Feldzer: “It’s very difficult to find them because to do that the perimeter has to be narrowed down. Here, we’re in an area four times that of France. So, it’s extremely difficult. The listening devices to detect the black boxes have to, practically, pass right over them, and they’ll stop emitting in 15 days. So, how? We mustn’t give up hope, even if there are some cynics who say it would suit everyone if we didn’t know too much.”

euronews: “You said a few days ago that military strategies are involved in holding back information. It’s true that military radar did find the plane, apparently, and detected its worrying behaviour. How is it possible that Malaysia’s air force didn’t intervene?”

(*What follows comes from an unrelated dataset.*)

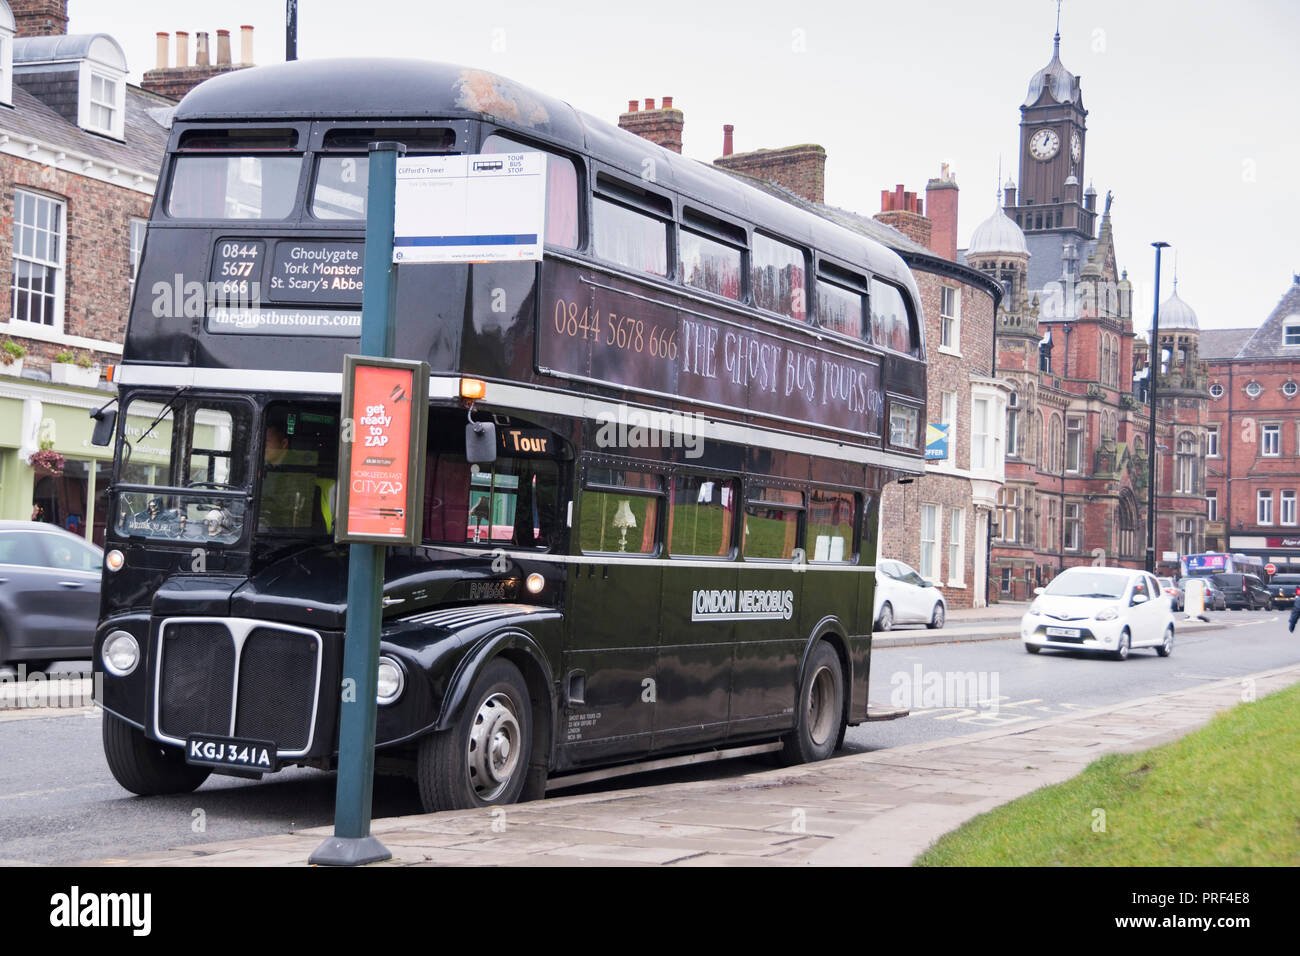 York, UK – 12 Dec 2016: The necrobus ghost bus tour bus waits at a bus stop on 12 Dec at Clifford Street, York Stock Photo

Feldzer: “The question will be raised again about the effectiveness of strategic military air defence. When a plane trajectory doesn’t correspond to the known plan, military people call that an intruder and try to identify it. Once they’ve determined its position, they send fighter pilots and other planes after it. Here, they didn’t do anything. There could easily have been an attempted mini 9/11, or a major one, I don’t know. In any case, there are certainly weaknesses there, also.”